Луч пыльного квартирного солнца ударил по глазам. Значит, уже час дня. Или, в крайнем случае, пять минут второго. Именно в это время январское светило находит пробоину в жалюзи окна их спальни, выходящей на безлюдную улицу Ли.
Надо бы передвинуть кровать, подумал он. Скажем, к стенке, где сейчас стол. Стол уйдет туда, где стоит телевизор. А телевизор сюда, где кровать. Получится не очень красиво, зато будет удобно. Еве бы это не понравилось. Она бы сказала: «Некрасивое не может быть удобным». И оставила бы все как есть. Она любила и берегла постоянство. Во всем. В том числе и в обстановке. Ей казалось, что если начать хоть что-то менять, то все нарушится, расклеится и рассыпется, и потом уже будет не собрать. Поэтому, когда Ленька пришел к ним и заявил, что собрался уезжать, он был уверен, что Ева категорически воспротивится. Но она на удивление быстро согласилась. Только сказала:
– Мы с папой поедем с вами. Вам нужна будет помощь...

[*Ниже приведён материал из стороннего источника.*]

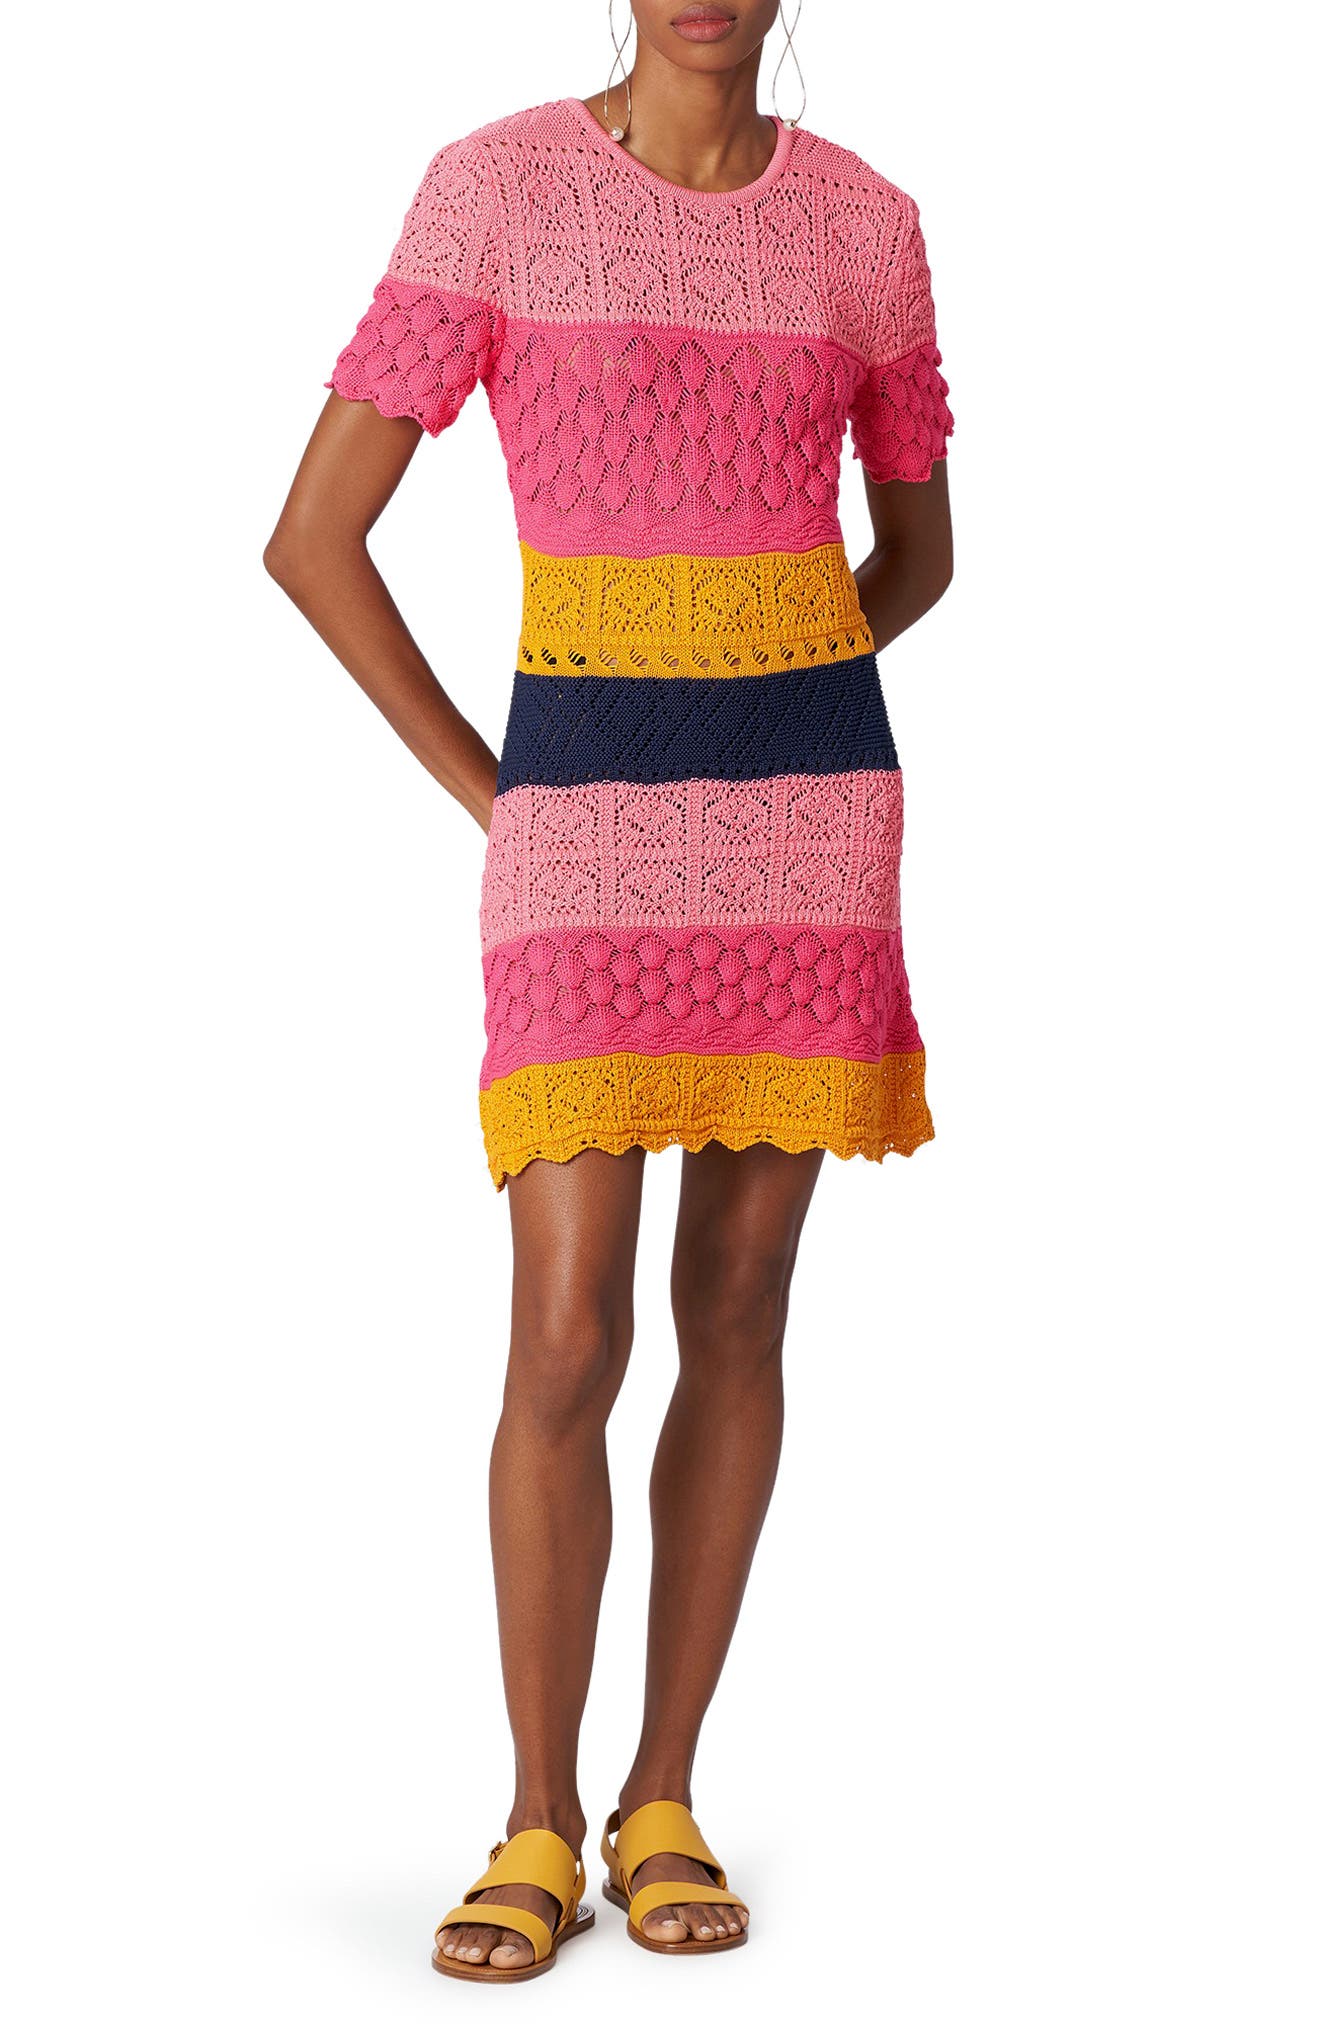 Carolina Herrera Colorblock Short Sleeve Cotton Sweater Dress in Multi at Nordstrom, Size Small

А потом они собирали контейнер для отправки в Америку. И Ева хотела запихнуть в этот контейнер абсолютно все: от чугунной сковородки, на которой жарила еще ее бабушка, до Корнея Чуковского, потрепанного и замасленного, которого еще Леньке читали, когда он был маленьким.
А он не спорил, просто незаметно вытаскивал из контейнера эти глупости, казавшиеся ему просто лишним весом. Потом, года через полтора, когда контейнер какими-то неисповедимыми путями наконец добрался до них, Ева долго рылась в старых вещах, вздыхала, перелистывая страницы старых альбомов, несколько раз даже всхлипывала, а ночью сказала ему:
– Они украли сковородку, мамино янтарное ожерелье, твой походный топорик, Ленькины рисунки и Чуковского. Не понимаю, зачем им понадобились детские рисунки и Чуковский?

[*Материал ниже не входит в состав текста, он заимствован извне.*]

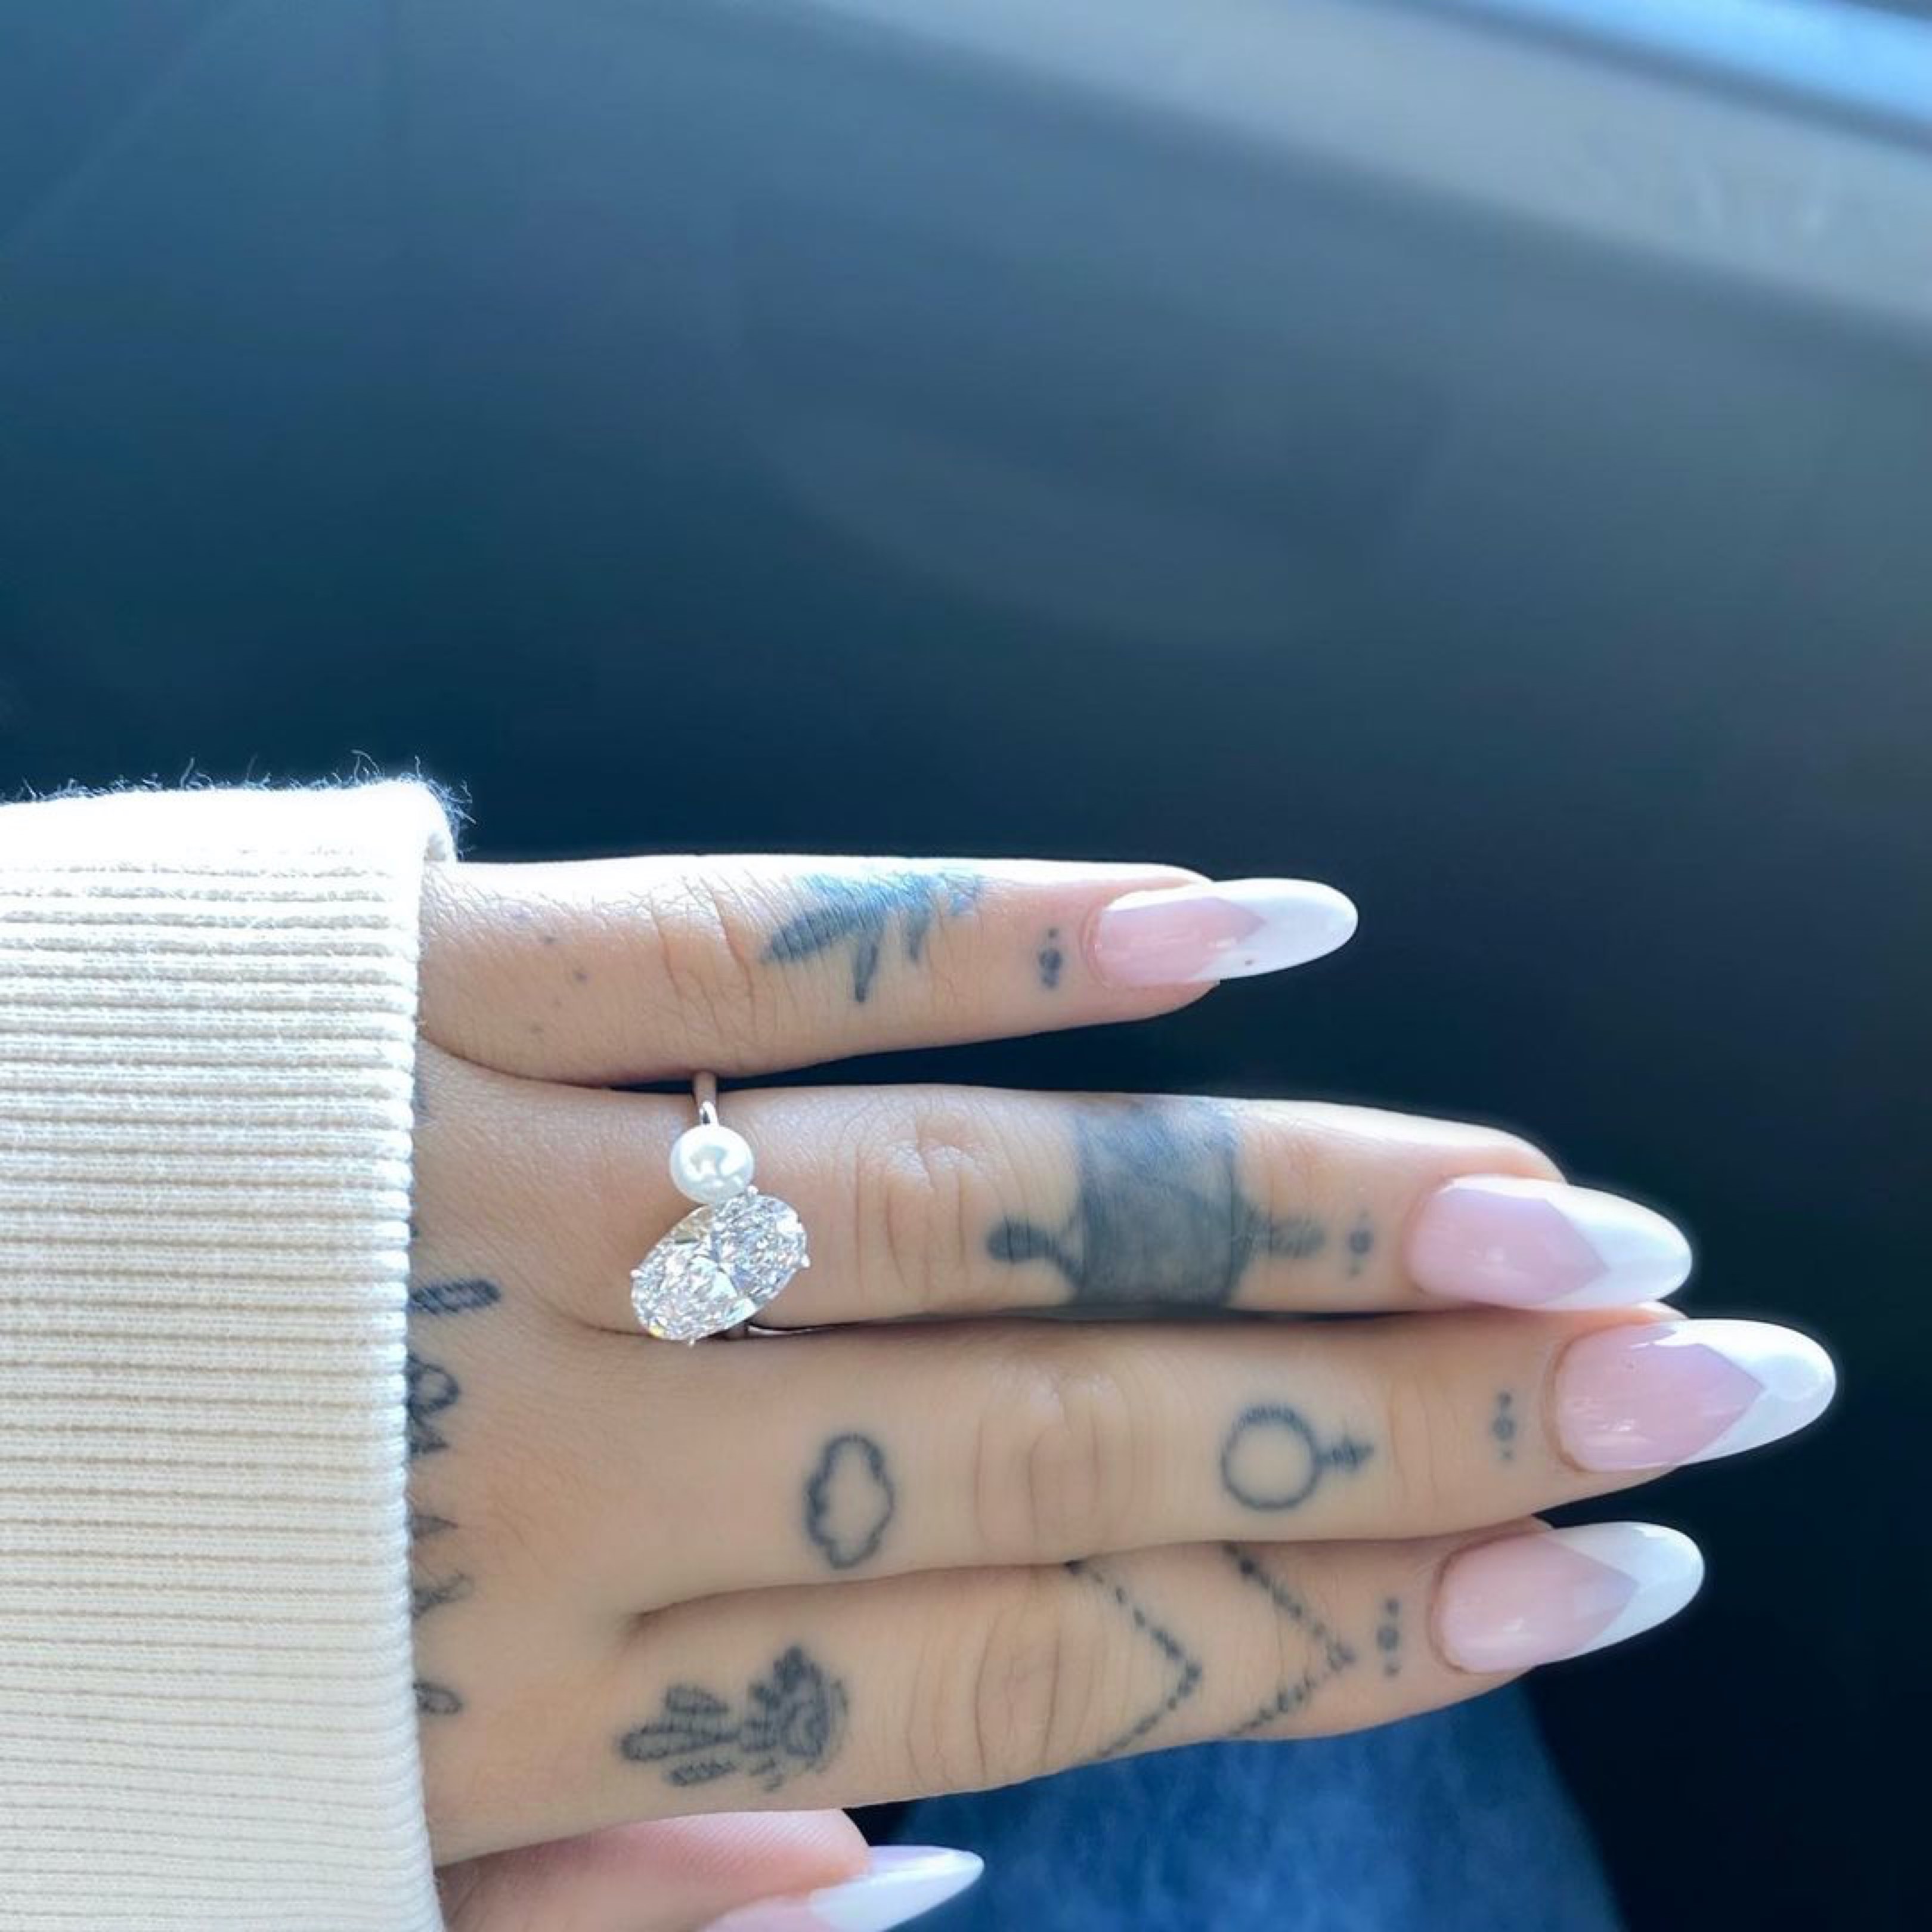 Ariana Grande's Engagement Ring

...Позвонил Ленька. Сказал: «Привет!», спросил: «Какие планы?» Он ответил: «Выхожу на работу в три. Надо работать». Ленька сказал: «Может, не надо?» А он сказал: «До свидания». И повесил трубку.
Сегодня – ровно неделя, как умерла Ева. И пять дней, как ее похоронили. И четыре дня, как он понял, что остался один. Совершенно. Вот уже девяносто шесть часов он ходит, ест и спит с этим ощущением. Ощущением одиночества. Не почти, а по-настоящему физическим. Оно липкое, противное и властное. Противостоять ему сложно. Но нужно. Потому что ему еще только шестьдесят три. Как сказала вчера Рина, Ленькина жена. «Вам только шестьдесят три», – сказала она, вытирая посуду. Что, интересно, она имела в виду? Что умирать рано? Или что еще и жениться впору? Наверное, и то и другое.

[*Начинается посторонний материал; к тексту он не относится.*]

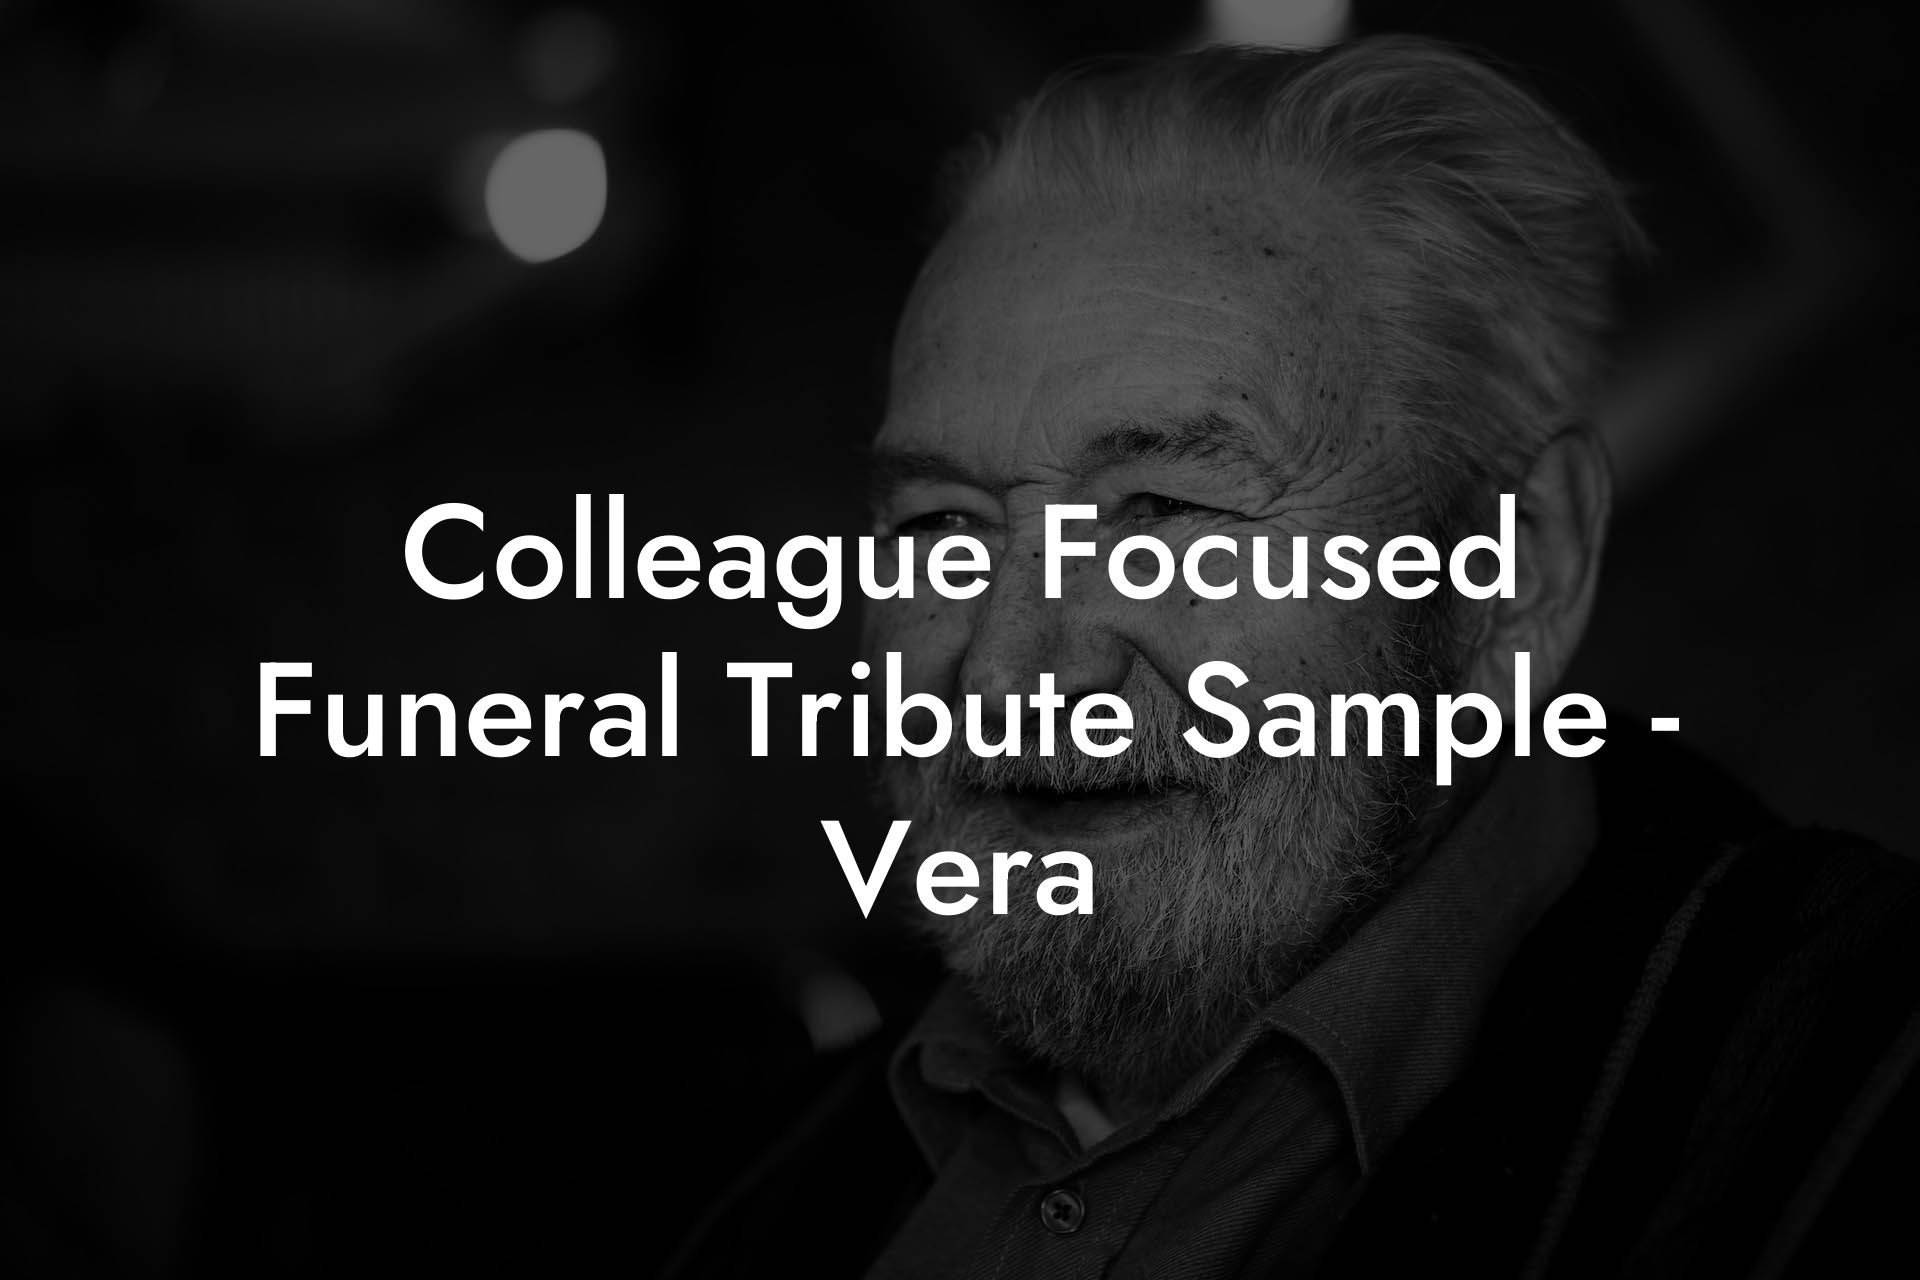 Colleague Focused Funeral Tribute Sample - Vera

Рина красивая и очень соблазнительная. В ее поведении и облике есть что-то, что притягивает к ней восторженные, томительные и просто плотские взгляды всех существ мужского пола – от стеснительных и прыщавых юнцов до стариков. Ленька ее ревнует, как любит. А любит безумно. Зря он на ней женился. Чтобы жить с такой, таким и быть нужно. Как, например, он. У него бы с Риной получилось. А Ленька другой. Поэтому – зря.
Он сварил и поел овсянку (Ева бы одобрила), запил молоком прямо из горлышка (Ева бы сделала замечание), оделся и вышел на улицу. До кладбища добрался за пятнадцать минут, подъехал к могиле. В Америке к могиле можно подъехать, кладбища расчерчены асфальтированными дорожками. Так, несомненно, удобнее и экономичнее в смысле времени. В Риге они с Евой тратили полдня на кладбищенский визит. Сначала ехали трамваем на базар, покупали цветы, потом троллейбусом до Института физкультуры, затем еще километр пешком и потом еще кружили по кладбищу – у Евы было много родственников, их могилы были почему-то разбросаны по территории, а посещали они непременно всех.
– Они и при жизни не очень ладили между собой, – сказала как-то Ева, имея в виду свою семью. – И жили не кучно, а в разных местах: кто в Задвинье, кто в центре, кто в Межапарке, кто вообще в Юрмале. Во второй половине девятнадцатого века евреям в Латвии разрешили владеть недвижимостью и, по-моему, тогда четыре брата Аптера, один из которых был моим прадедушкой, и поссорились. Они что-то не поделили. Что конкретно, никто уже не знает. Но с тех пор вражда стала главной традицией нашей семьи. Многочисленные двоюродные и троюродные братья и сестры воспитывались на живописных преданиях о коварном дяде Зяме или алчном дяде Марке и привыкали плохо относиться не только к пращурам, но и ко всем последующим поколениям коварных и алчных.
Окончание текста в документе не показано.